Loading…
Loading…
Are the salary and wages received by an Australian resident taxpayer from employment in Spain assessable under subsection 6-5(2) of the Income Tax Assessment Act 1997 (ITAA 1997)?
Yes. The salary and wages received by an Australian resident taxpayer from employment in Spain are assessable under subsection 6-5(2) of the ITAA 1997 and they are not exempt income under subsection 23AG(1) of the Income Tax Assessment Act 1936 (ITAA 1936) as the taxpayer has not been engaged in continuous foreign service for more than 90 days.
The taxpayer is a resident of Australia for income tax purposes.
The taxpayer is employed by a company that is a not a resident of Australia or Spain.
The employer does not have a permanent establishment or fixed base in Spain.
The taxpayer is present in Spain for less than 91 days.
The taxpayer has not been engaged in continuous foreign service for more than 90 days.
Subsection 6-5(2) of the ITAA 1997 provides that the assessable income of a resident taxpayer includes ordinary income derived directly or indirectly from all sources, whether in or out of Australia, during the income year.
Salary and wages are ordinary income for the purposes of subsection 6-5(2) of the ITAA 1997.
Subsection 6-15(2) of the ITAA 1997 provides that if an amount is exempt income then it is not assessable income.
Section 11-15 of the ITAA 1997 lists those provisions dealing with income which may be exempt. Included in this list is section 23AG of the ITAA 1936 which deals with overseas employment income.
Subsection 23AG(1) of the ITAA 1936 provides that where a resident taxpayer is engaged in foreign service for a continuous period of not less than 91 days, any foreign earnings derived will be exempt from tax in Australia. 'Foreign service' includes service in a foreign country in the capacity as an employee and 'foreign earnings' include income consisting of salary and wages (subsection 23AG(7) of the ITAA 1936).
In determining liability to Australian tax on foreign sourced income received by a resident, it is necessary to consider not only the income tax laws, but also any applicable double tax agreement contained in the International Tax Agreements Act 1953 (the Agreements Act).
Section 4 of the Agreements Act incorporates that Act with the ITAA 1936 and the ITAA 1997 so that those Acts are read as one. In the event of inconsistent provisions, the Agreements Act overrides the ITAA 1936 and ITAA 1997 (except in some limited situations).
Schedule 39 to the Agreements Act contains the double tax agreement between Australia and the Kingdom of Spain (the Spanish Agreement). The Spanish Agreement operates to avoid the double taxation of income received by Australian and Spanish residents.

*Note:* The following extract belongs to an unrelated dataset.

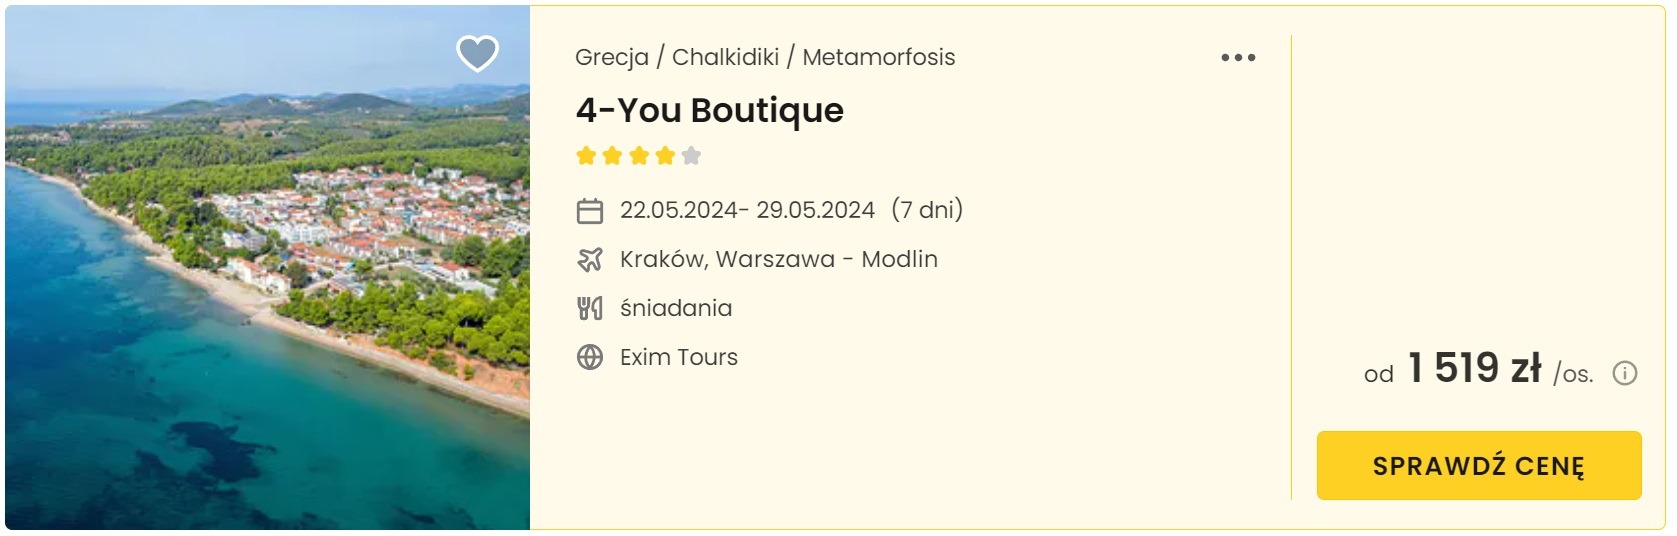 4-You Boutique 22.05-29.05.2024

Article 15(1) of the Spanish Agreement provides that salary and wages derived by an individual who is a resident of Australia in respect of an employment will be taxable only in Australia unless the employment is exercised in Spain. If the employment is exercised in Spain, the remuneration may be taxed in Spain.
However, Article 15(2) of the Spanish Agreement provides that remuneration derived by an Australian resident individual taxpayer in respect of an employment exercised in Spain will be taxable only in Australia if: • the taxpayer is present in Spain for a period or periods not exceeding in the aggregate 183 days in the year of income; • the remuneration is paid by, or on behalf of, an employer who is not a Spanish resident; and • the remuneration is not deductible in determining the taxable profits of a permanent establishment or fixed base which the employer has in Spain.
Article 15(2) of the Spanish Agreement will apply as the taxpayer is present in Spain for a period less than 183 days in the year of income and the remuneration is paid by an employer who is not a Spanish resident with any permanent establishment or fixed base in Spain.
The salary and wages received by the taxpayer are not exempt from tax under subsection 23AG(1) of the ITAA 1936 as the taxpayer has not been engaged in foreign service for a continuous period of not less than 91 days.
Accordingly, the salary and wages received by the taxpayer while present in Spain will form part of their assessable income under subsection 6-5(2) of the ITAA 1997.